Саймон заступил в дозор. Пора закругляться – и с нашим телефонным свиданием, и с ее запретным безбожием.
– Прости, – шепнула Диана. – Скоро снова позвоню.
И повесила трубку, прежде чем я успел попрощаться.
Вторая серия посевных запусков прошла столь же безупречно, как и первая. Репортеры вновь нахлынули на мыс Канаверал; я же наблюдал за происходящим в актовом зале «Перигелия», где цифровой проектор выводил на экран внушительных размеров картинку: залп ракет при свете дня; цапли, взмывшие в небо над Меррит-Айлендом, словно яркие конфетти.
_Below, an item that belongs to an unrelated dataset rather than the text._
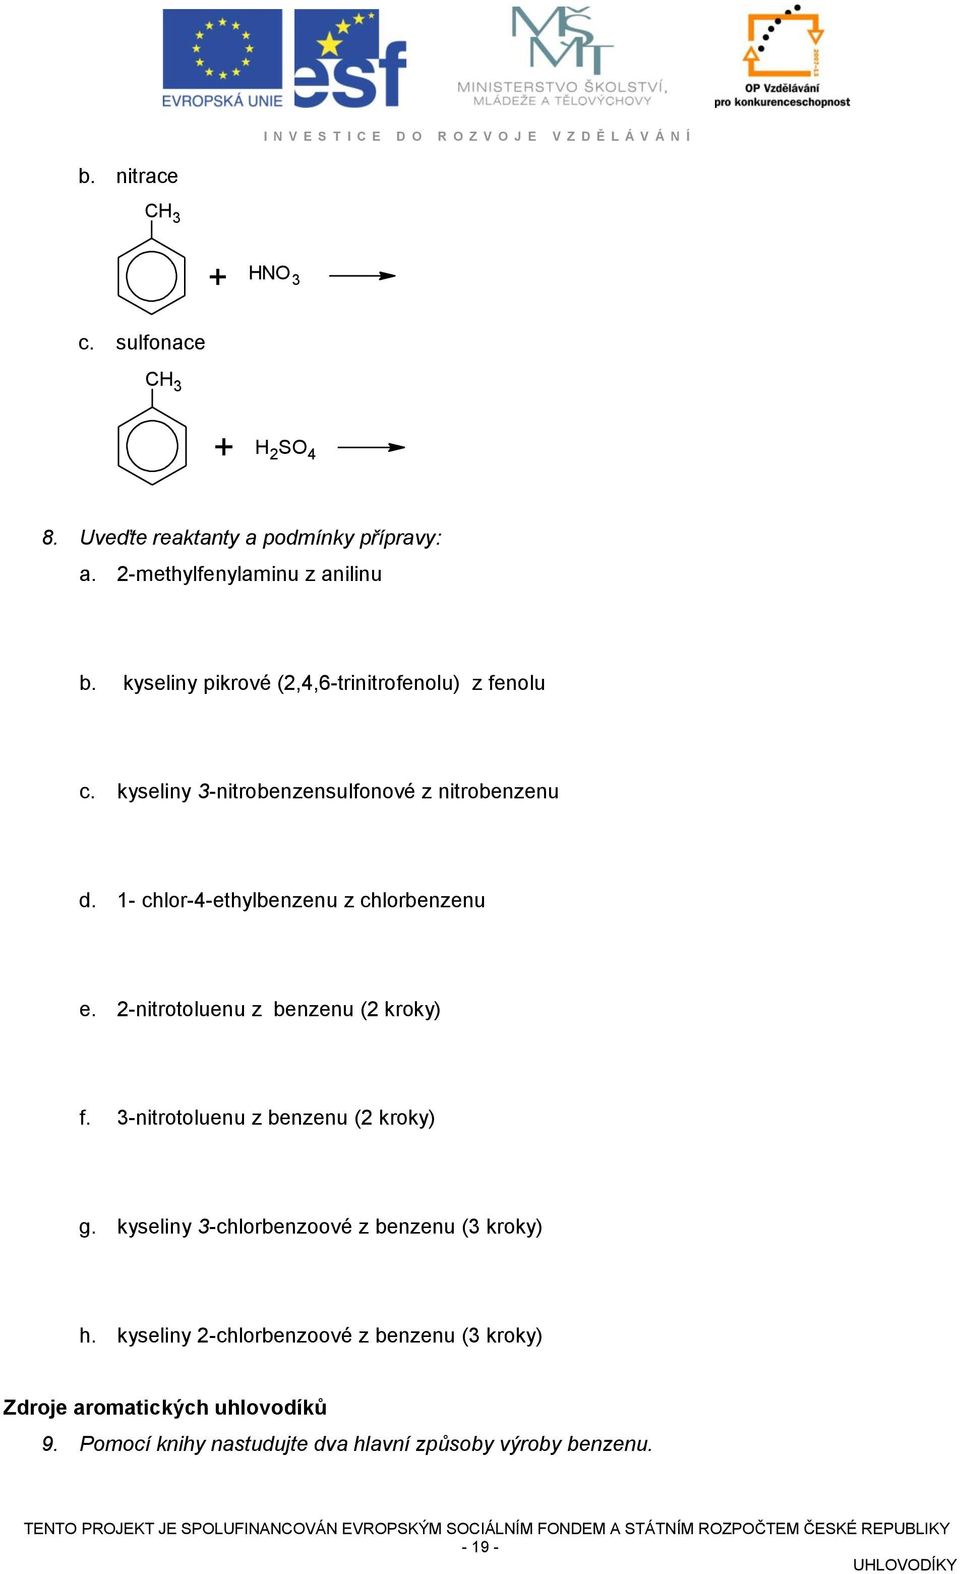 1- chlor-4-ethylbenzenu z chlorbenzenu e. 2-nitrotoluenu z benzenu (2 kroky) f. 3-nitrotoluenu z benzenu (2 kroky) g.

Затем новое лето ожиданий. Европейское космическое агентство отправило на орбиту сотни телескопов и интерферометров нового поколения. Полученные с них данные оказались еще более многообещающими, чем в прошлом году. К сентябрю на стенах всех кабинетов «Перигелия» появилось множество детализированных фотографий – свидетельств нашего успеха. Один цветокомпозитный коллаж (марсианский вулкан Олимп, покрытый то ли инеем, то ли льдом, изрывают свежие дренажные каналы; по долинам Маринера растекается туманная река, по Солис Лакус змеятся зеленые капилляры) я вставил в рамочку и повесил в приемной лазарета. Южные нагорья региона Терра Сиренум по-прежнему оставались пустынны, но метеоритные кратеры почти полностью разрушились под влиянием более влажного и ветреного климата.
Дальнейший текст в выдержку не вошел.